DATABASE STRUCTURE AND USAGE

MDPD is designed to be a publicly accessible online resource with user-friendly interface. MySQL, a reliable and proven relational database, is used to organize information. A web-based user interface to the database is provided via an Apache 2.0 HTTP server with PHP scripting engine.

MDPD contains the following functional pages: Browser, Search, Compare, Statistics and Variation Report. Three searching options are available in the search page: a variation search can be based on the gene name, gene ID or SWISS-PROT accession number. In accordance to the recommendations from the HUGO Nomenclature Committee, official gene symbols are used in each record, but MDPD also provides all known aliases in the result pages for easy reference and retrieval. For example, both PARK1 and SNCA are valid search terms in the database. Searching mutation information based on geographic region or the author's name in reference collection are two other helpful options. Searching for mutation information based on a geographic region enables a user to quickly know what genes have been studied in the region (or population) and the number of related publications may indicate regional research efforts. On the other hand, searching for mutation information based on the reference author's name can help researchers in the community easily identify various leading authors' research interests and their collaborators. Hyperlinks to each reference and gene symbol are provided in the report page.
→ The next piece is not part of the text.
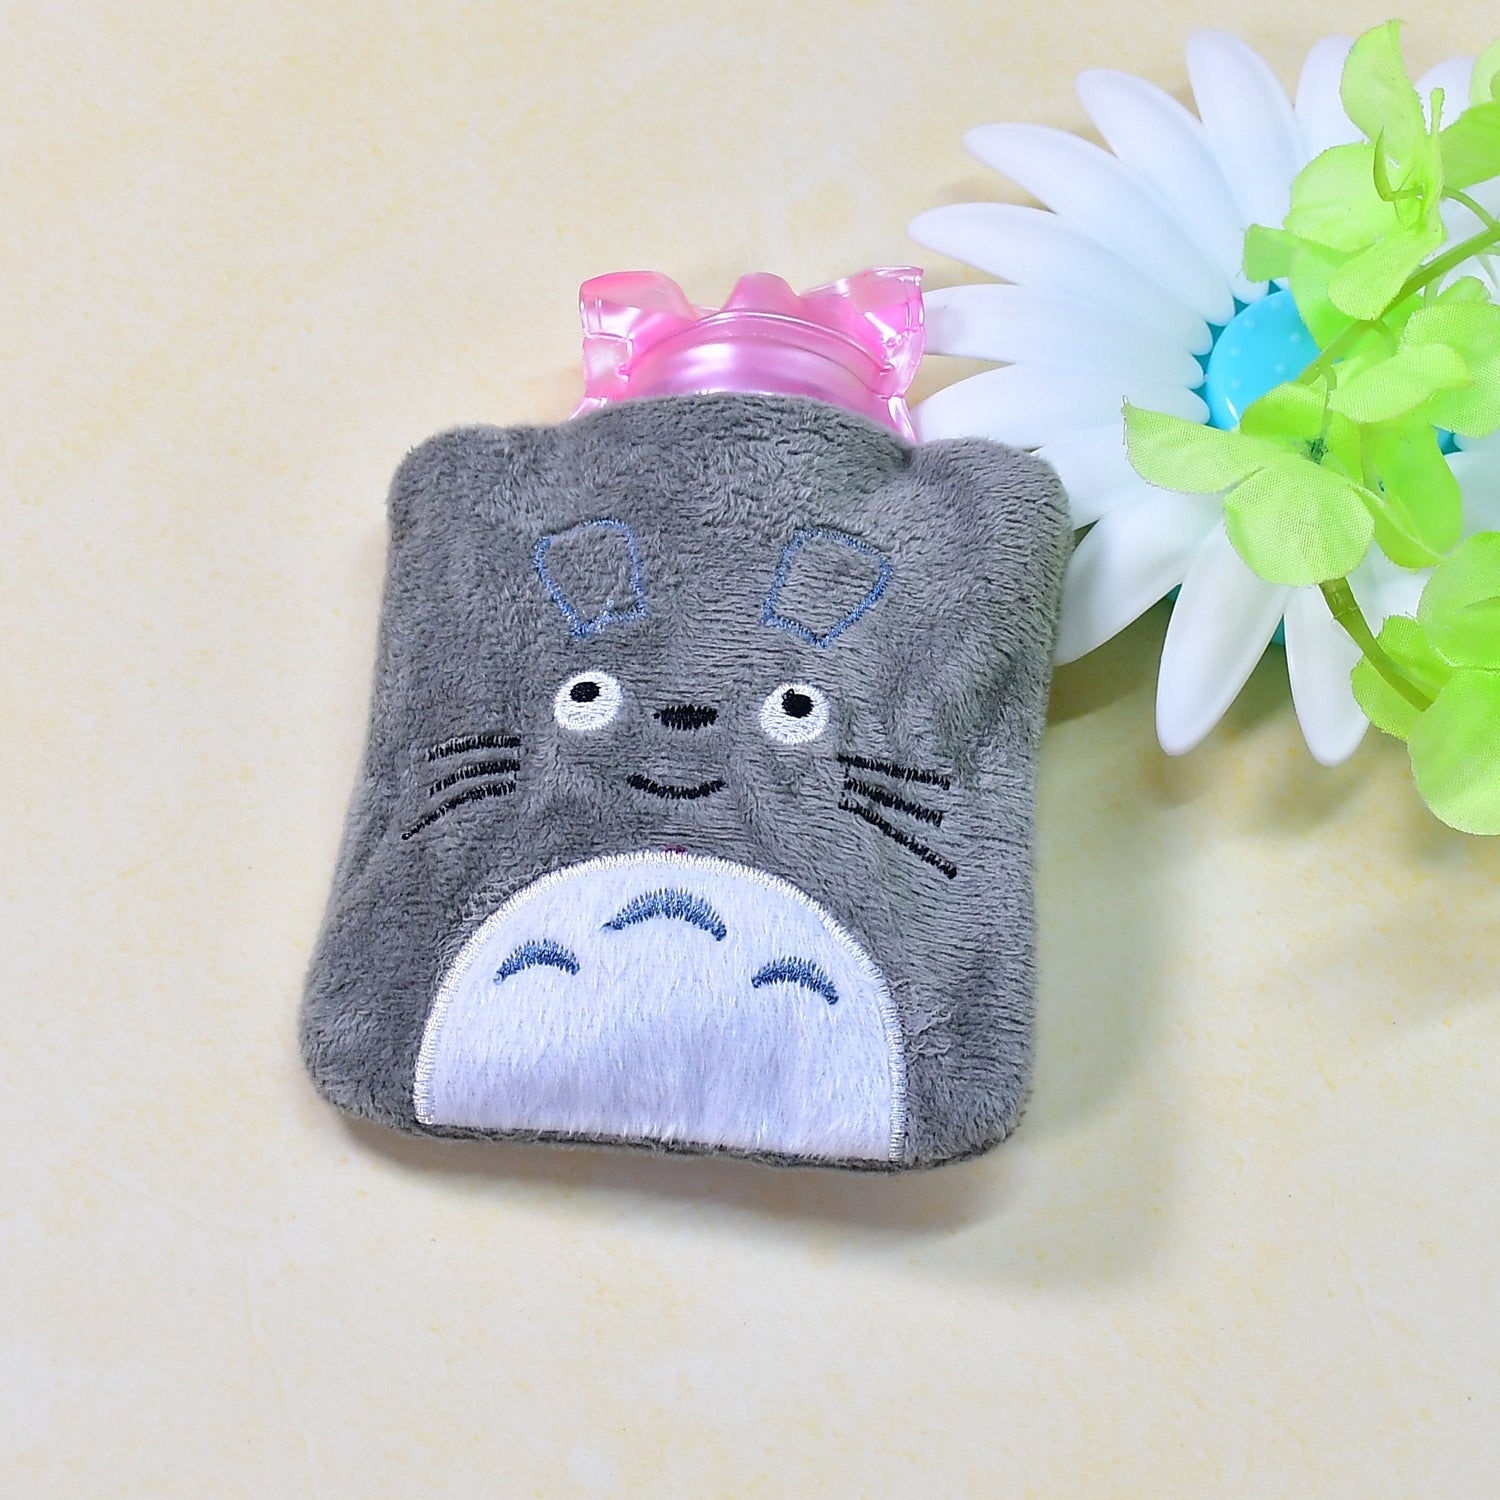 6531 Totoro Cartoon Hot Water Bag small Hot Water Bag with Cover for Pain Relief, Neck, Shoulder Pain and Hand, Feet Warmer, Menstrual Cramps. DeoDap
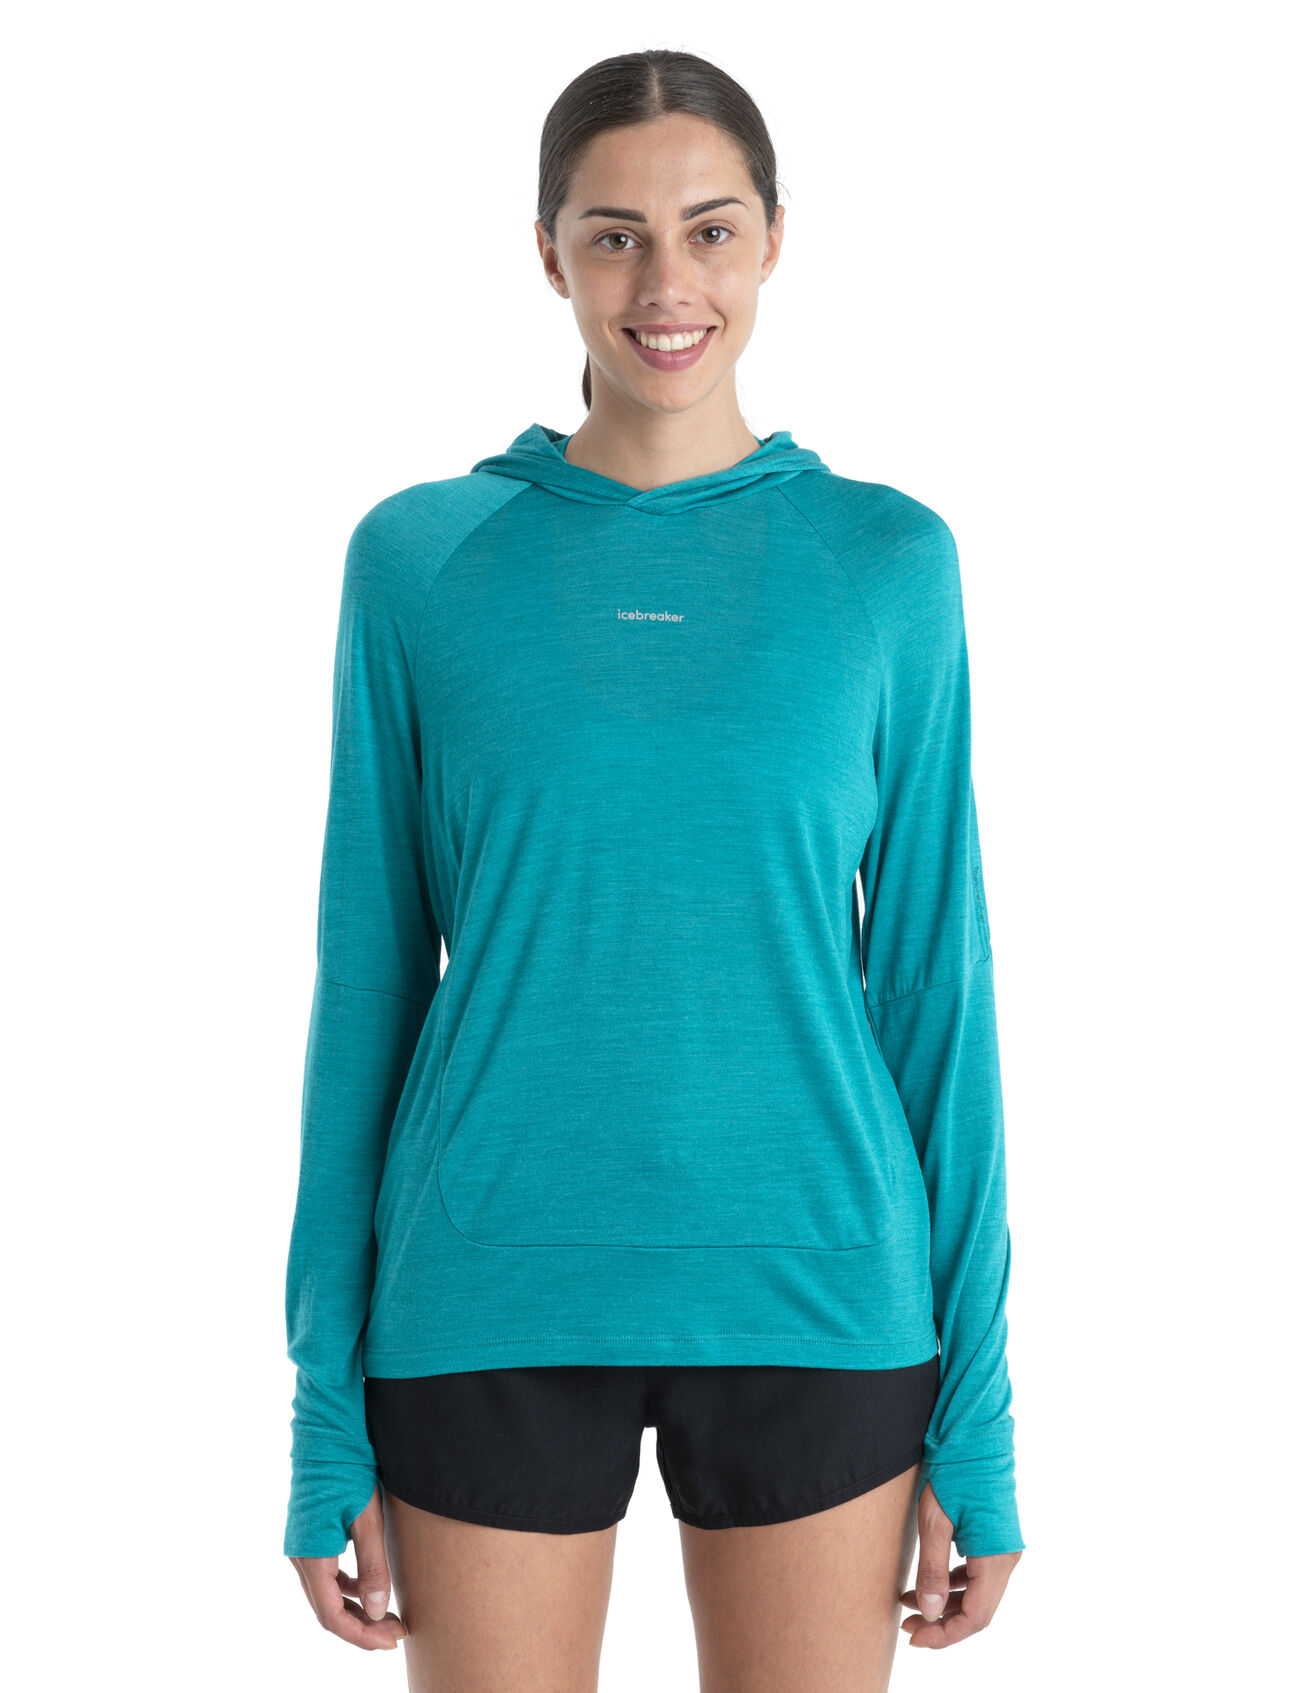 Womens 125 Cool-Lite™ Sphere Merino Long Sleeve Hoodie A lightweight and breathable performance hoodie designed for aerobic days outside, the Cool-Lite™ Long Sleeve Hoodie features our moisture-wicking Cool-Lite™ merino jersey fabric.

Various useful features have been built into MDPD and span several web pages for ease of use and navigation. The complete list of web pages and their corresponding features are listed in Table 1. We highlight the ‘Variation Report’ page here as we believe that it is a useful feature of MDPD. In addition to providing the generic gene information, hyperlinks to Entrez, Swissport and OMIM, the ‘Variation Report’ page also covers detailed information of ‘Variation Impact’, ‘Variation Type’, ‘Studied countries’, ‘Variation sequence’ (in both amino acid and nucleic acid levels) and ‘PubMed collection’. For ‘Variation Impact’ and ‘Variation Type’, we do not attempt to modify the findings from the primary reference, as we have mentioned previously. Users are advised to judge the classification based on his/her knowledge and the up-to-date research. To understand the impact of a genetic substitution, the user should be aware of any conflicting results from divergent ethnic groups or from specific subsets of patients. Such information is readily accessible in MDPD. ‘Studied countries’ provides information about the geographic regions and ethnic groups of patients studied. This information is also valuable for refining population screening target to avoid wasting resource. Researchers may also use it to identify key genetic factors, namely those for which impactful variations have been reported in many geographic regions (or ethnic groups). For example, MDPD includes 74 literature reports that described 258 different variants of PARK2 from 33 geographic regions. Deletion, duplication, triplication, insertion, missense mutation, nonsense mutation, silent mutation and compound mutations were all found in this gene. Among them, missense mutation and deletion are the most frequently conveyed with 140 and 86 records, respectively. Based on such information, a user can make reasonable inference about the importance of PARK2 instantly. To further confirm his/her speculation, the user can examine the primary reference through ‘PubMed collection’ and investigate the mutation ‘hot sport’ through ‘Variation sequence’.

Table 1.
Functional summary of MDPD

Allowing users to compare mutations between ethnic groups is another helpful element of MDPD. Users can readily obtain a list of mutation genes of an interested ethnic group from ‘Search’. Comparing the mutations between two ethnic groups of interest can also be done easily in ‘Comparison’. Currently, more than 2300 entries covering 202 human genes are stored in MDPD. Through systematic data mining on the integrated information, MDPD offers researchers new means for inspecting and making sense of the mutation evidences in published findings.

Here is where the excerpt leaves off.